Some of the things that I'm excited about that we're doing a lot of work on: first, you have AI readiness, you have definitions, you have security. We continue to think about how no one wants to have to go duplicate what they already set up in Data Virtuality or in Alation, or some other catalog. A lot of our thinking, as we think about models and the different AI dictionary and definitions, is how do we integrate with third parties, both cloud data warehouses. We also are one of the large partners of the Open Semantic Interchange, OSI, which Snowflake sort of led, but it includes Snowflake competitors and competitors of ours. Sometimes if you're going to make these kinds of things sort of common, you need to be able to work together. We are a part of this new effort, working to define a common language so that we can share semantic information from different warehouses and different tools, and have more of that so we're not repeating ourselves.
Even within our own software, if we have our magic ETL transformation, we're doing the work now to ensure whatever semantic information you have on an input, if it's still in the output, it carries that forward because you don't want to lose that. Or with our cloud connectors, which have been one of the core features of Domo for many years—connecting to Salesforce, connect to HubSpot, or connect to Adobe or whatever it is—if there's additional semantic information in those sources, making sure that when you connect, we're not just loading in the data, we're bringing in the semantics to help there as well.

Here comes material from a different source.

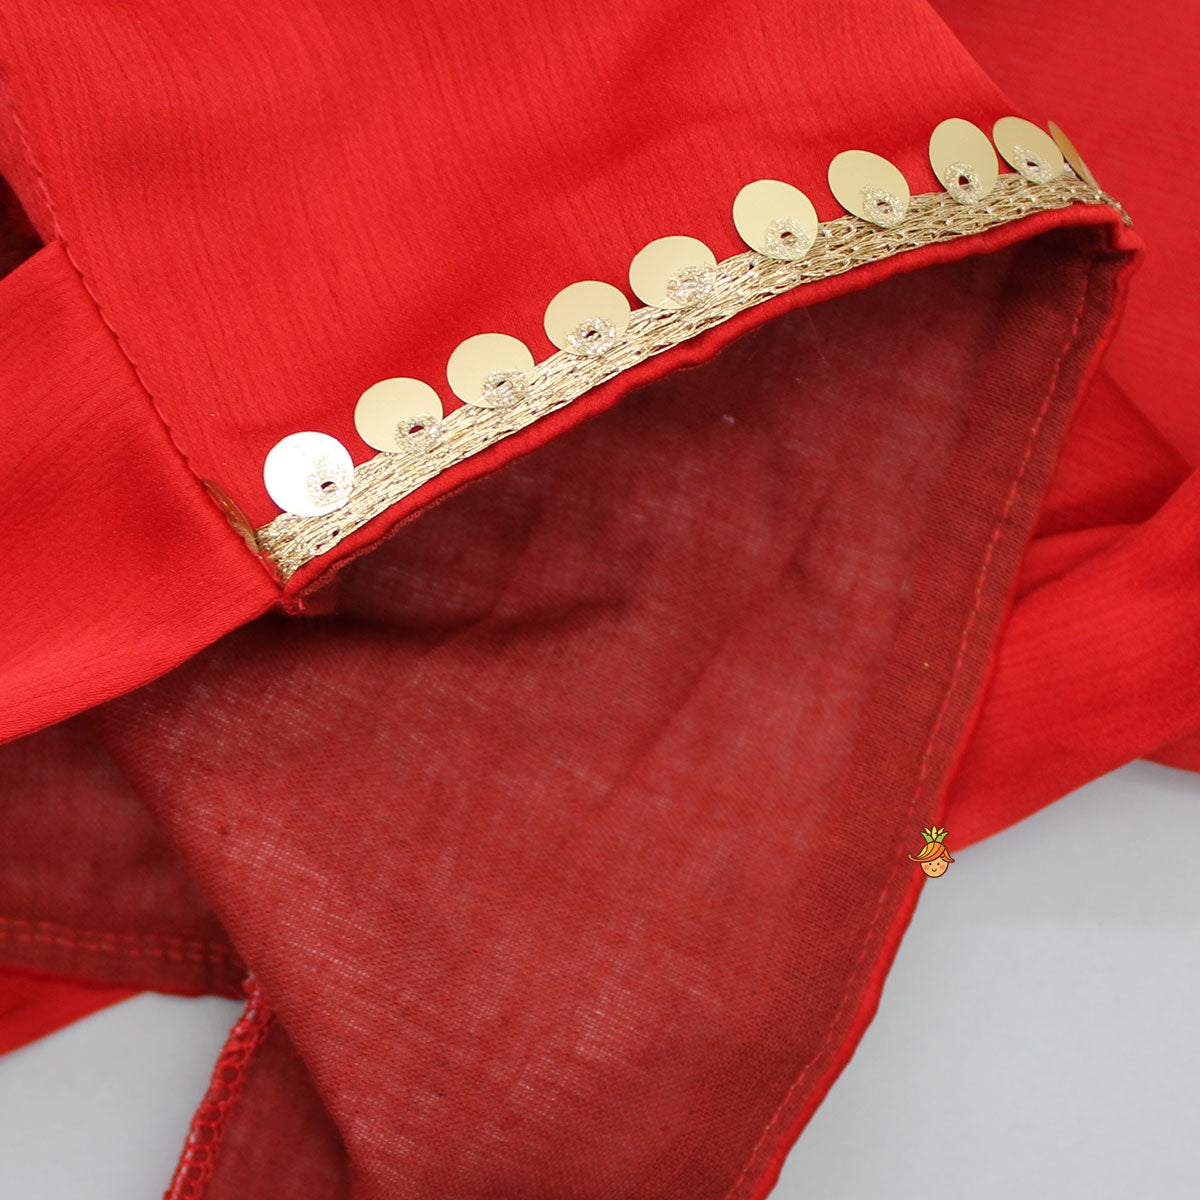 Frilly Sleeves V Neck Red Layered Drape Top And Stylish Lehenga

Another piece in all this is we're looking more and more to combine schema, AI dictionary, and other relevant information into one place for management and viewing right within the dataset. Or even as I'm building data models that might include eight or 10 or 12 datasets, one place where I could see all the semantic information across that model and make adjustments. If there's a new synonym I need to add, I could see where does that go, where does it fit into the model, and all of those things. That will make it—again, we can have these features, but we want to make them easily accessible, easy to use, with multiple touchpoints, so that you can effectively manage that, because it has to be a living thing. You can't just set the definitions once and then you're good for five years. That's not how business works. That's not how knowledge really works in our world.
The fourth thing that I'm really excited about is this idea of custom assistants. Right now in Domo, we have an AI chat. We've had decent adoption, probably in that range that Boris was showing on the pie chart. Part of it is right now, when you're in an app in Domo or a dashboard in Domo, it sort of knows which datasets to look at. It has those AI dictionary items, which make it a lot better and more reliable, but it's still a little bit generic, and it doesn't have those other pieces of instructions and other knowledge and unstructured data we're going to provide to it.

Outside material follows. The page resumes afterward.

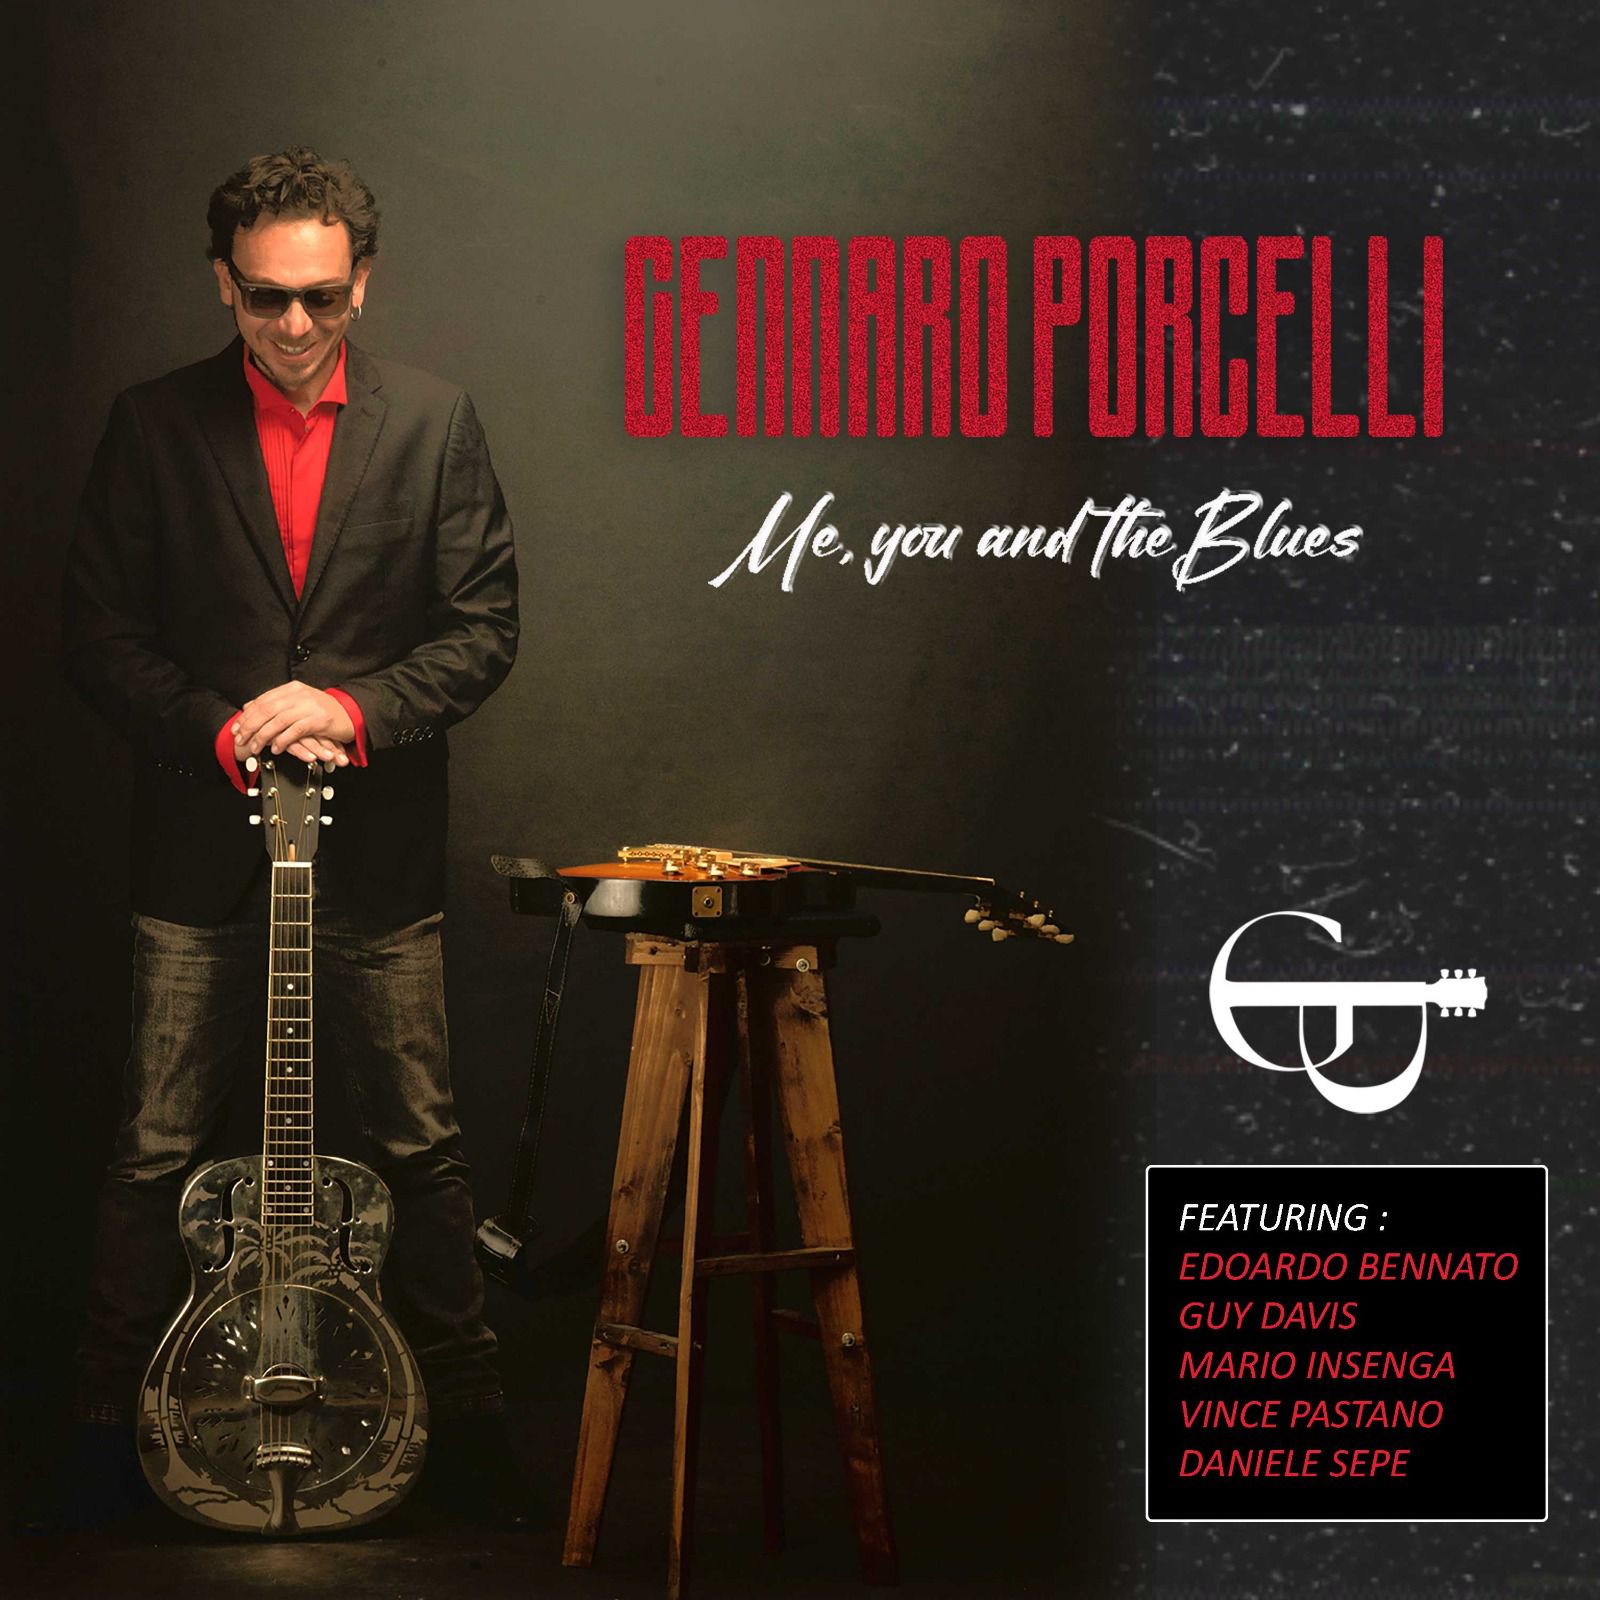 gennaro-porcelli-il-bluesman-made-in-italy

The view of a custom assistant, similar to some of those screens I showed that right now are in workflows, is being able to say, "Hey, here are the instructions. Here's what kind of chat you want to do. Here are the explicit datasets I want you to use," not just based upon what you might be on a dashboard—it might use just the dataset from that dashboard, or it could use four that are relevant to having more of a chat with it. And then also unstructured data in addition to the structured data that comes in. I can sort of create this custom assistant that I could deploy in a dashboard or a Domo app, or deploy as its own thing even, and embed it somewhere else. We think that is going to be really exciting.
In a similar space, we're looking at how this all fits into the MCP protocol that's becoming more and more robust, so that similar to setting up a custom assistant to chat with, you could set up some of those same things in terms of what structured, unstructured data you want available via MCP endpoint, and what instructions you want there. Then, if you want to go use this integration or this tool within OpenAI because you have an enterprise OpenAI or enterprise Claude, or if you're building your own app and you want to be able to access it, you'll be able to leverage it in that way so it's not just stuck within the Domo ecosystem.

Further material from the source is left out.